All descriptive numerical data with a normal distribution were described using means and standard deviation (SD), whereas non-normal data were described using median and interquartile ranges (IQR). Chi-squared or Fisher’s exact test were used to identify statistical significance for all categorical outcomes. Statistical significance was set at p<0.05 and a 95% confidence interval (CI) was used. Data analysis was performed using EpiCalc 2000, version 1.02 (Brixton Books, England).
Results
Records of the 321 cancer patients discussed at the MDT meeting during the present study period were reviewed (Fig. 2). Twenty-two subjects were excluded, including cases where the type of malignancy (primary v. secondary) could not be specified (n=9), cancers other than primary lung cancer (n=6), mesothelioma (n=3), cases with no tissue-confirmed cancer diagnosis (n=2), and cases with incorrect or missing identifying data (n=2).
Fig. 2.
Consort diagram of patients included in the study and analyses.

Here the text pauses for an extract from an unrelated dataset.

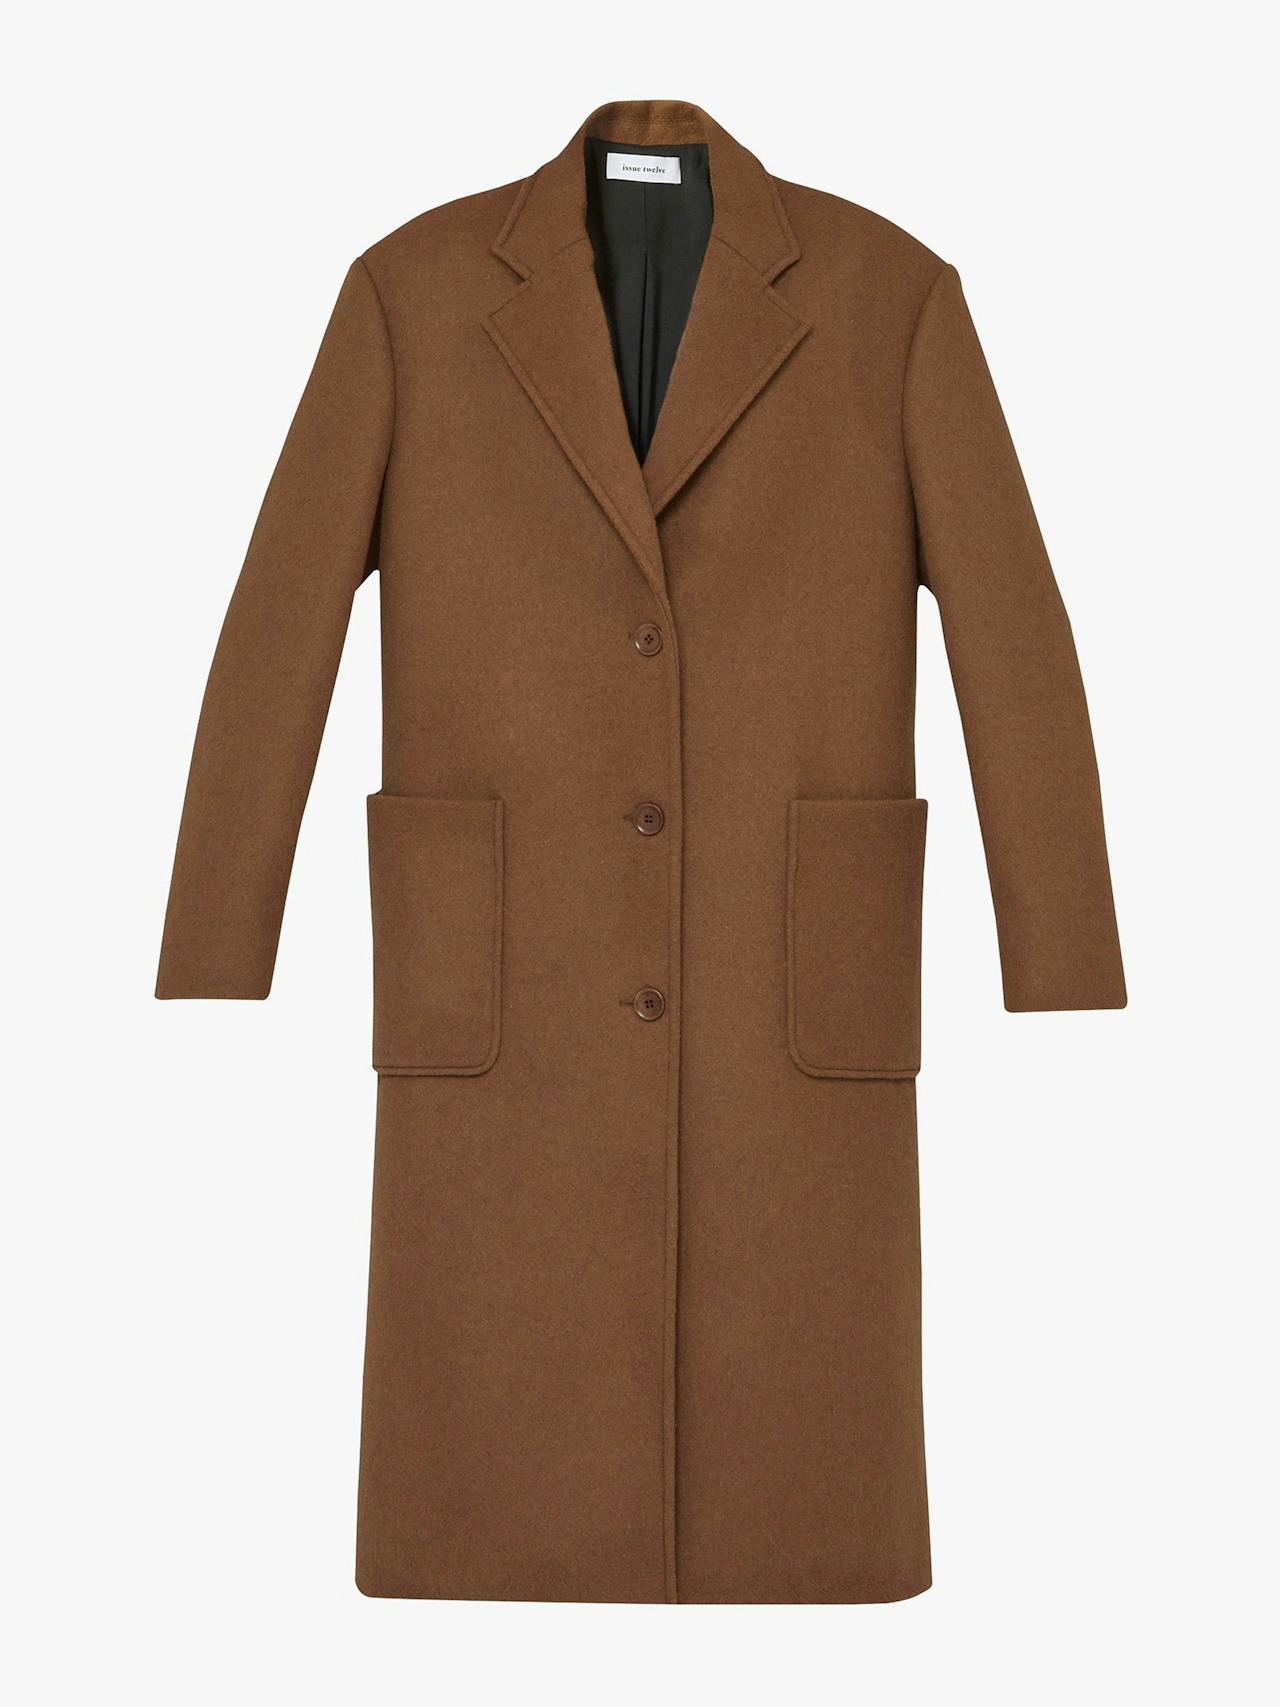 The Grandpa brown coat by Issue Twelve is single breasted with an oversized fit. The double-faced cashmere is ideal for Autumn Winter. Collagerie.com

A total of 299 patients was included in the study, with a mean (SD) of 60.2 (9.9) years. The majority of patients (62.9%; n=188) were male (Table 1). Less than a tenth of patients (6.0%) were HIV positive and 34.1% (n=102) had an unknown HIV status. Thirty subjects who had undergone PET-CT were included in the subgroup analysis.
Table 1. Baseline characteristics of study population and method of diagnosis (N=299).
| Characteristic | n (%) |
| Baseline characteristics | |
| Age, mean (SD) | 60.2 (9.9) |
| Male | 188 (62.9) |
| Female | 111 (37.1) |
| HIV status | |
| Positive | 18 (6.0) |
| CD4 cell count, mean (SD) | 468 (262) |
| Negative | 179 (60.0) |
| Unknown | 102 (34.1) |
| Diagnostic investigation | |
| Bronchoscopy | 112 (37.5) |
| Conventional bronchoscopy | 60 (20.1) |
| EBUS-TBNA | 51 (17.1) |
| Bronchial washings | 3 (1.0) |
| Bronchial brushing | 3 (1.0) |
| Transthoracic procedures | 136 (45.5) |
| TTNA | 109 (36.5) |
| Thoracentesis | 19 (6.4) |
| Pleural biopsy | 6 (2.0) |
| Tru-cut biopsy | 2 (0.7) |
| Interventional radiology | 9 (3.0) |
| CT-guided biopsy | 9 (3.0) |
| Other FNA | 30 (10.0) |
| Lymph node FNA | 24 (8.0) |
| FNA of metastasis | 3 (1.0) |
| Liver FNA | 3 (1.0) |
| Surgical | 9 (3.0) |
| Bone Biopsy | 5 (1.7) |
| Craniotomy | 2 (0.7) |
| VATS | 1 (0.3) |
| Lung Resection | 1 (0.3) |
| Other | 3 (1.0) |
| Sputum | 3 (1.0) |
CT = computed tomography
EBUS = endobronchial ultrasound
FNA = fine needle aspiration
SD = standard deviation
TBNA = transbronchial nodal aspiration
TTNA = transthoracic nodal aspiration
VATS = video-assisted thoracoscopic surgery
* Unless otherwise specified
Transthoracic procedures (n=136) were the most common techniques employed for histological diagnosis of lung cancer, followed by bronchoscopy (n=112). Of the latter, EBUS-TBNA was used in 17.1% (n=51) of the cases, of which 46 were used primarily for diagnostic purposes, one for staging and diagnostic purposes, and five for staging purposes. Other techniques (Table 1) included fine needle aspiration (FNA) of lymph nodes, metastases to other sites including the liver (n=30), CT-guided biopsy (n=9), surgical techniques such as bone biopsy, craniotomy, video-assisted thorascopic surgery and lung resection (n=9) and sputum cytology (n=3). The most common histological subtype of lung cancer was adenocarcinoma (n=116), followed by squamous cell carcinoma (n=92) (Table 2).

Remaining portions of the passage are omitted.